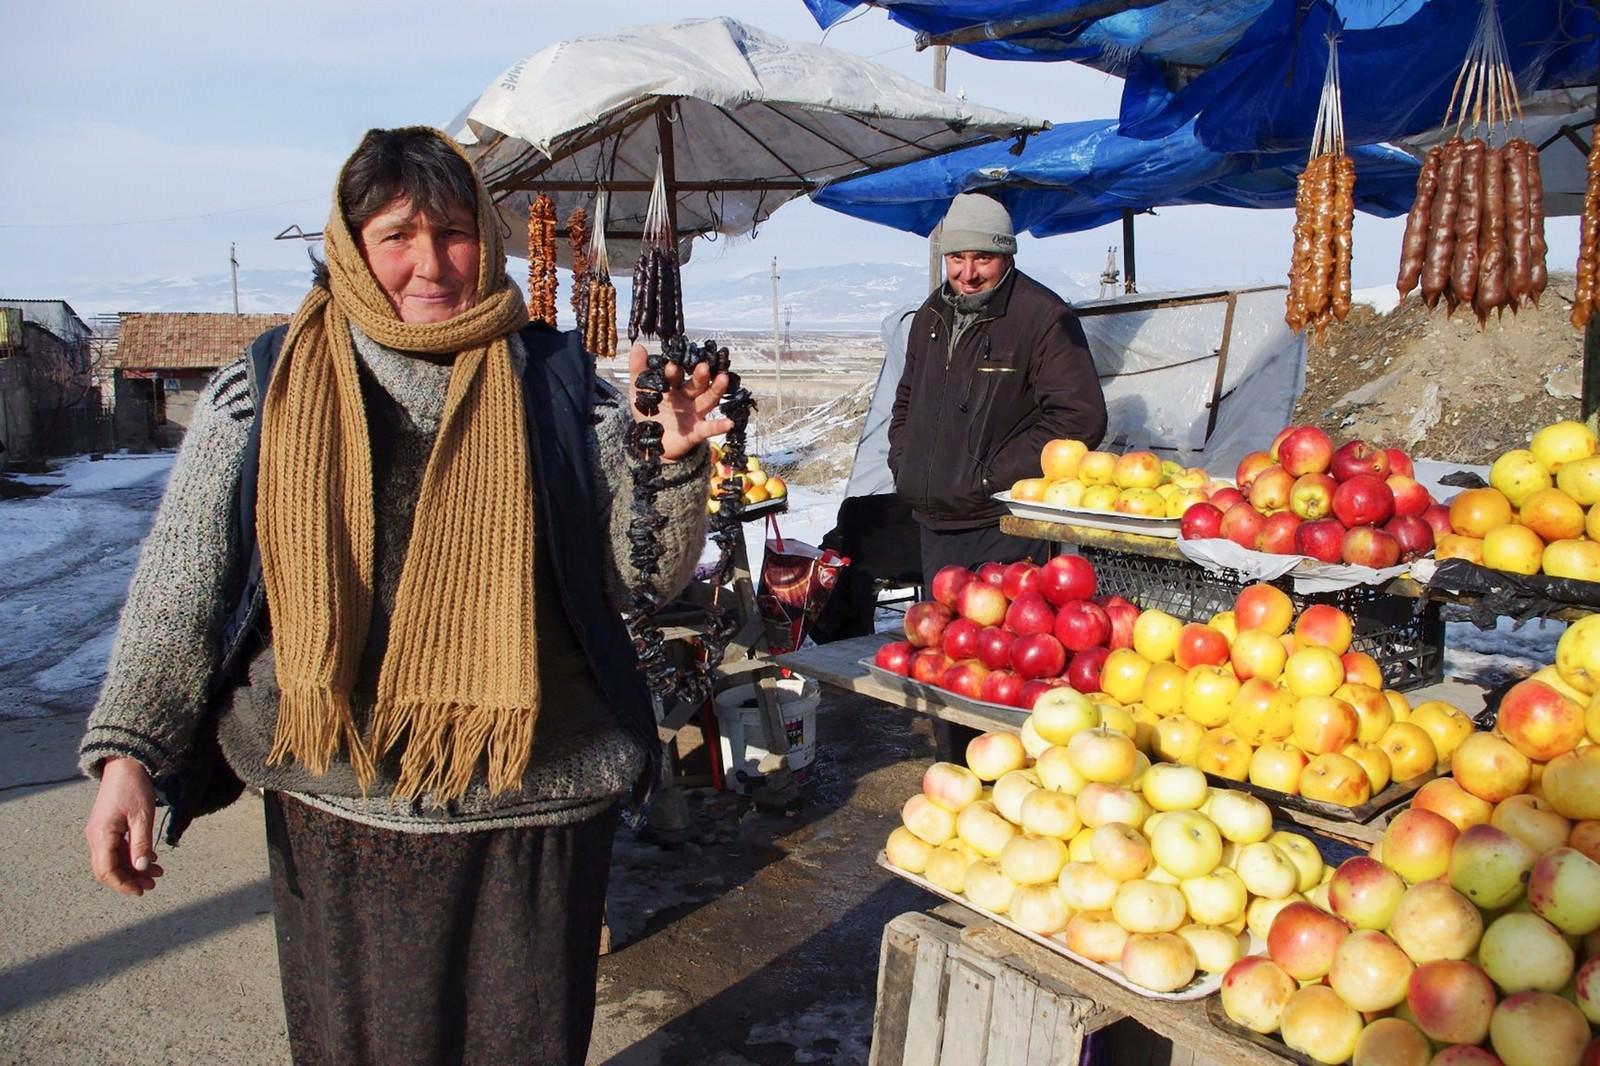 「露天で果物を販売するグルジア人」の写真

****************

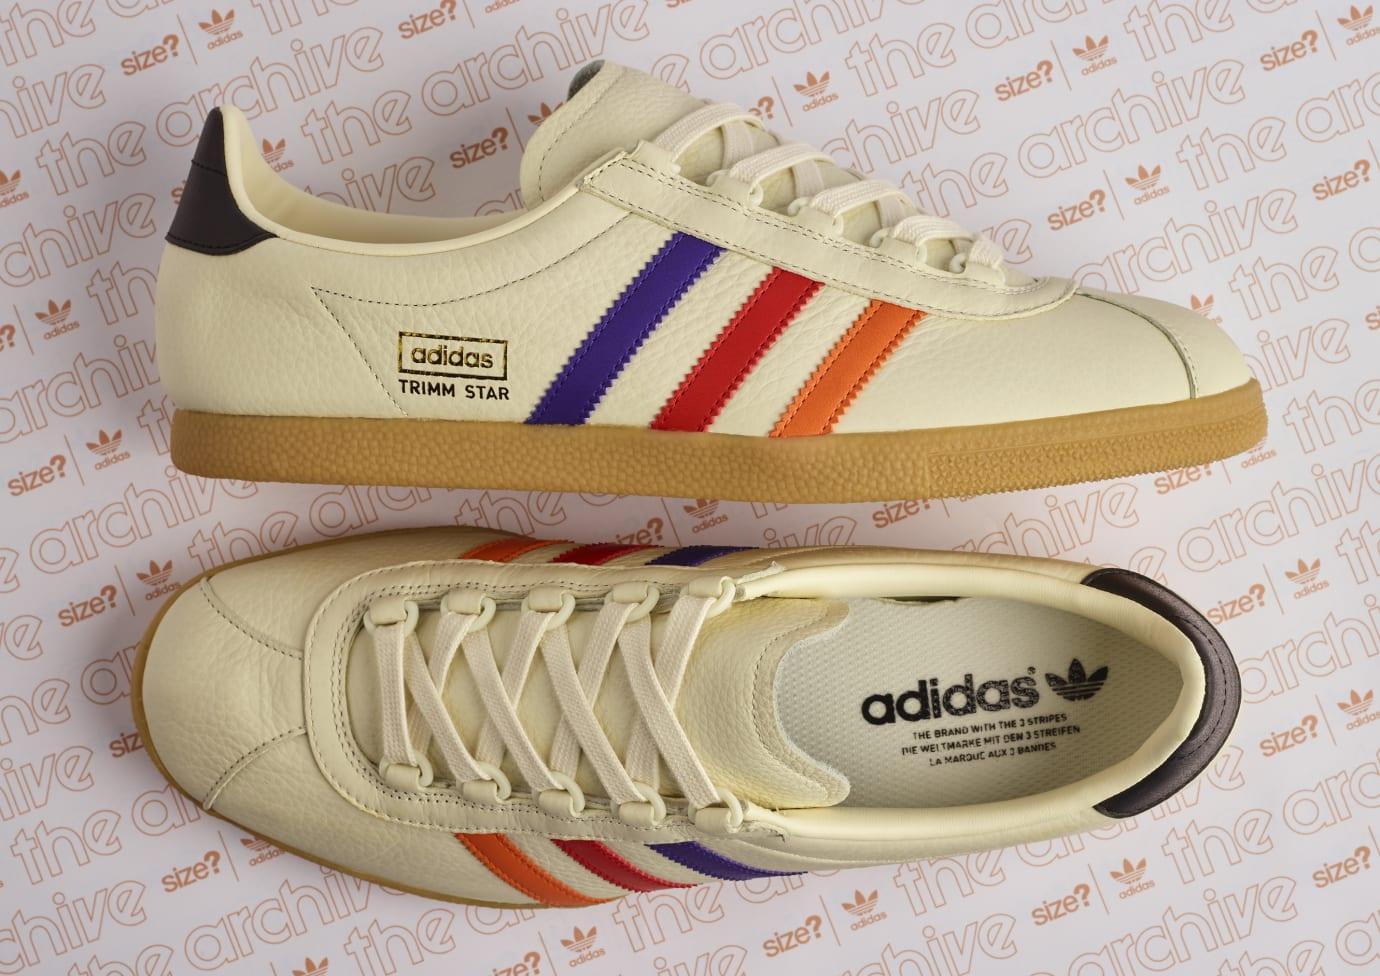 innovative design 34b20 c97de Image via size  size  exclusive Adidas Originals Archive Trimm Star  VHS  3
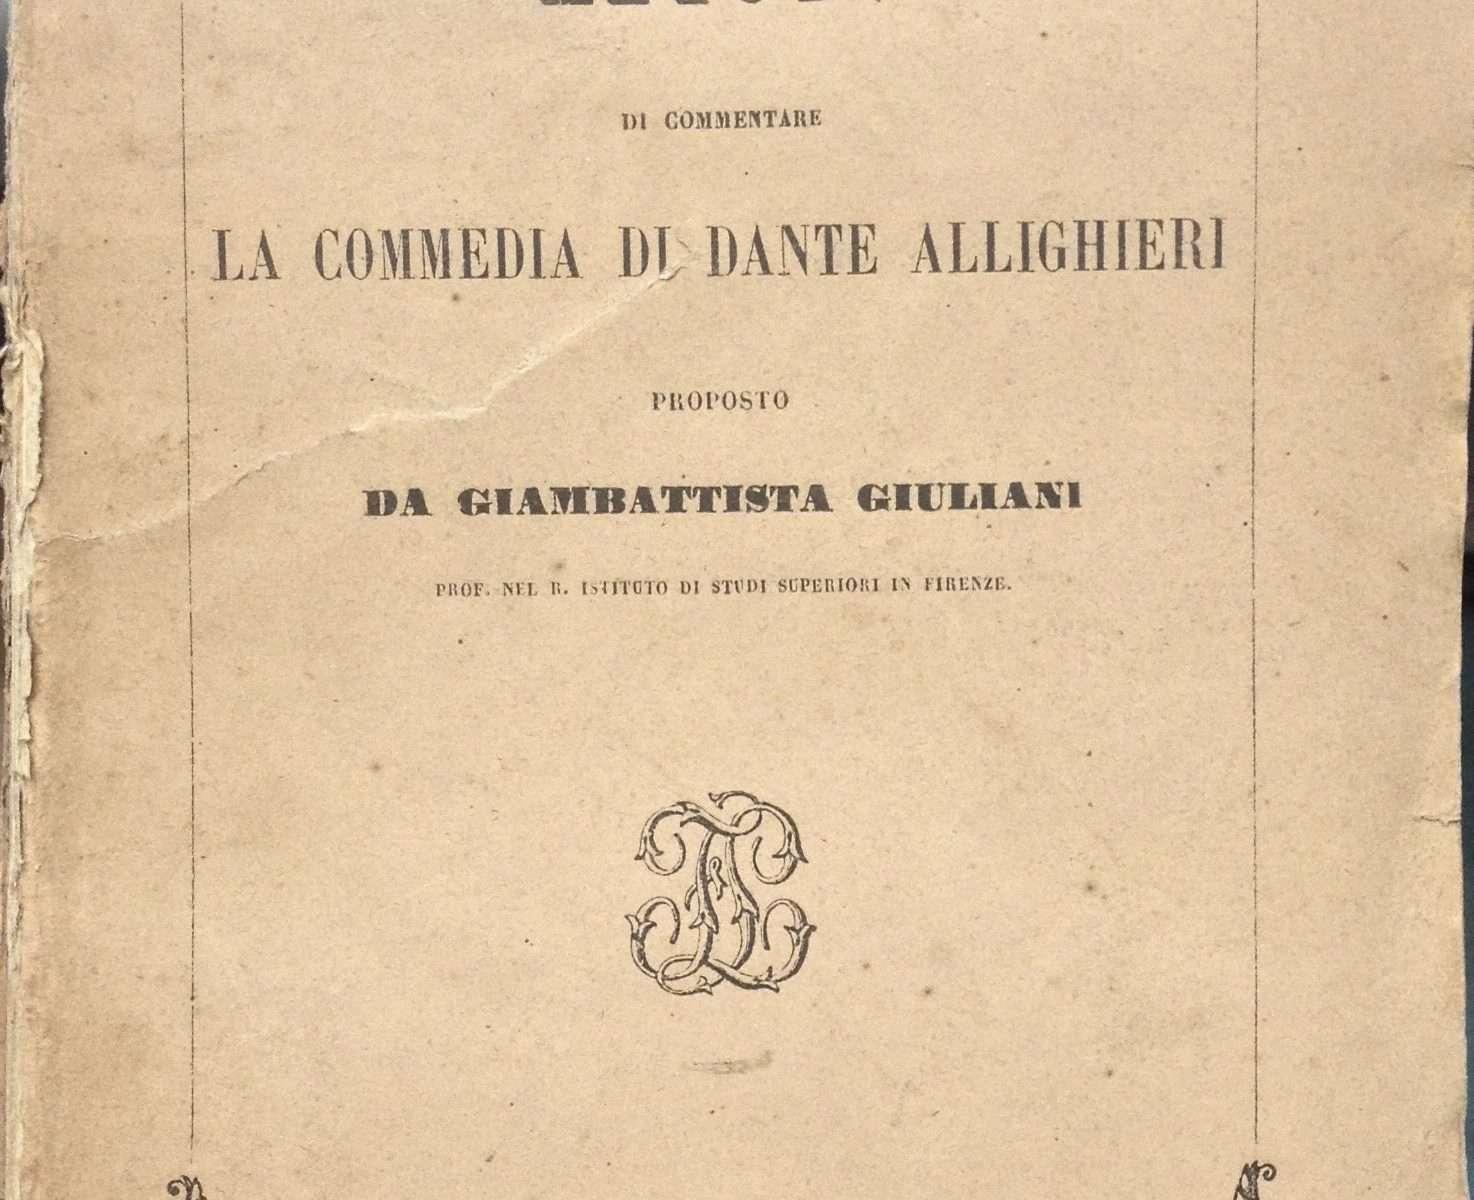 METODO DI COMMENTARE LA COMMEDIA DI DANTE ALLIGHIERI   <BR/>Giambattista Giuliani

****************

* **WHAT TO WORK ON**
In the data above, the stretch from the line with "innovative design 34b20" through the line with "METODO DI COMMENTARE" is to be returned exactly, minus any pictures.

* **FINAL ANSWER**
 innovative design 34b20 c97de Image via size  size  exclusive Adidas Originals Archive Trimm Star  VHS  3
 METODO DI COMMENTARE LA COMMEDIA DI DANTE ALLIGHIERI   <BR/>Giambattista Giuliani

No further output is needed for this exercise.